- Specialty: Orthopedic

= High tibial osteotomy =

High tibial osteotomy is an orthopaedic surgical procedure which aims to correct a varus deformation with compartmental osteoarthritis. Since the inception of the procedure, advancements to technique, fixation devices, and a better understanding of patient selection has allowed HTO to become more popular in younger, more active patients hoping to combat arthritis. The idea behind the procedure is to realign the weight-bearing line of the knee. By realigning the knee, the force produced from weight-bearing is shifted from the arthritic, medial compartment to the healthy, lateral compartment. This decrease in force or load in the diseased part of the knee joint decreases knee pain and can delay the development or progression of osteoarthritis in the medial compartment.

== Patient selection ==
The accepted protocol used for patient selection was developed in 2004 by the International Society of Arthroscopy, Knee Surgery, and Orthopedic Sports Medicine (ISAKOS). According to this protocol, an ideal patient is:
- Moderately active
- Between 40 and 60 years old
- Experiencing isolated medial joint line tenderness
- BMI <30
- Malalignment <15°
- Tibia bone varus angle >5°
- Full range of motion in the knee
- Near-normal lateral and patellofemoral compartments without ligamentous instability
- A non-smoker
Contraindications specified by ISAKOS are:
- Patients older than 65
- Severe osteoarthritis of the medial compartment (Ahlback grade III or higher)
- Tricompartmental osteoarthritis
- Patellofemoral osteoarthritis
- Range of motion in the knee <120°
- Flexion contracture >5°
- Diagnosed inflammatory arthritis
- A large area of exposed bone on the tibial or femoral articular surface (> 15x15 mm)
- Heavy smokers

== Surgical technique ==
The general surgical technique includes either performing HTO alone or performing HTO in combination with ligament reconstruction. When deciding which treatment avenue to take, one must consider patient demographics, their predominant symptoms, and which ligaments, if any are involved. When ligaments are involved, but the ACL deficiency is chronic and pain is due to arthritis and malalignment, HTO alone should be sufficient. However, if instability is the predominant symptom, in for example an acute ACL deficiency, HTO in combination with ACL reconstruction may be performed to protect the ACL graft that was constructed.
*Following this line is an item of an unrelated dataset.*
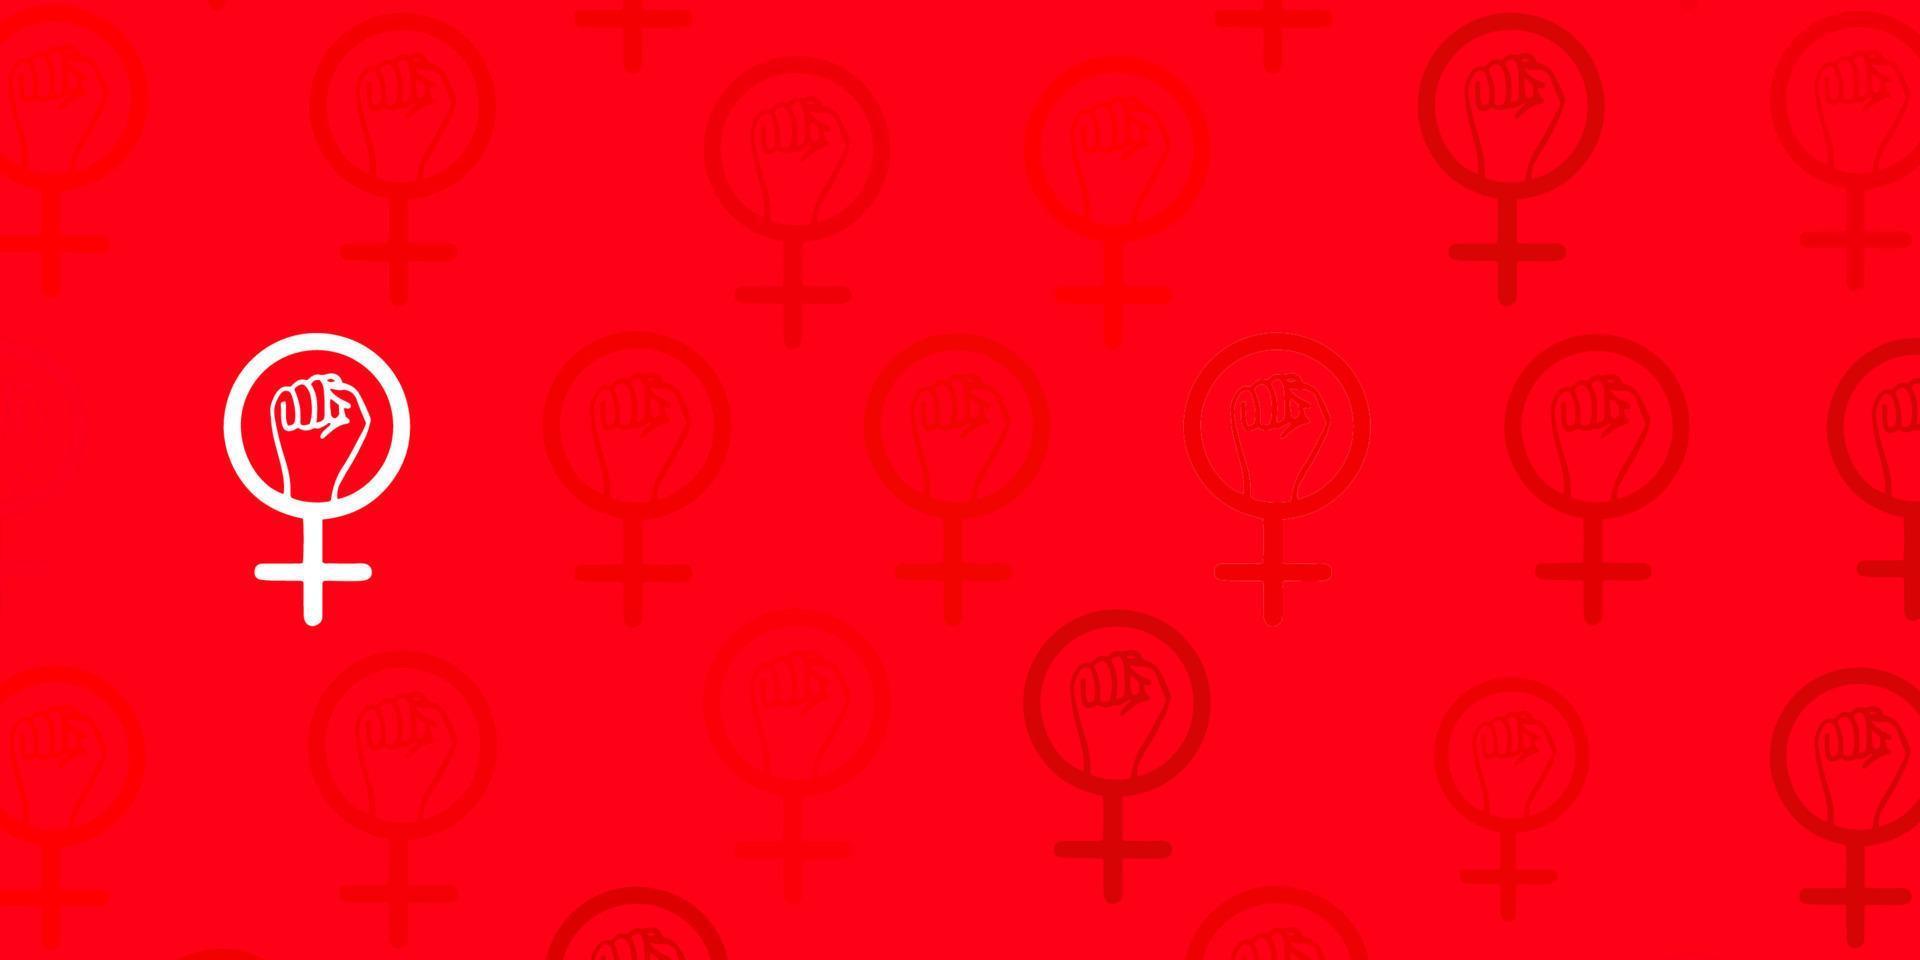 toile de fond de vecteur rouge clair avec des symboles de pouvoir des femmes.

The two most common surgical techniques used in HTO are lateral close wedge osteotomy and medial open wedge osteotomy.

=== Lateral close wedge osteotomy ===
Starting at the anterolateral aspect about 1 cm below the joint line of the knee, an L-shaped cut is made to the lateral edge of the tibial tubercle and anterior tibial crest. To expose the bone, the fascia of the anterior compartment is cut near the anterior tibial crest and the anterior tibialis is elevated. Osteotomy starts 15 mm below the joint line, just above the tibial tubercle, and is directed parallel to the joint line, medially.

Some of the advantages of the lateral close wedge method are faster healing with less morbidity, greater potential for healing, and no need for bone grafting, unlike the medial open wedge method.
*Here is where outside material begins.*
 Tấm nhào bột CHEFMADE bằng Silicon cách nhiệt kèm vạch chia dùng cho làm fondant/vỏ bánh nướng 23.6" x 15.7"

=== Medial open wedge osteotomy ===
The initial cut is made in between the posteromedial border of the tibia and medial aspect of the tibial tubercle. Medial collateral ligament (MCL) is exposed by cutting the sartorius fascia and pulling it medially. MCL is then removed from its insertion medially. Two K-wires are placed towards the lateral cortex, about 4 cm below the joint line. The osteotomy is done below the K-wires and parallel to the joint line.

The advantages of the medial open wedge method include less risk of peroneal nerve injury compared to the lateral close wedge method, no limb shortening, no bone loss, and the use of a single cut with no need to detach muscles.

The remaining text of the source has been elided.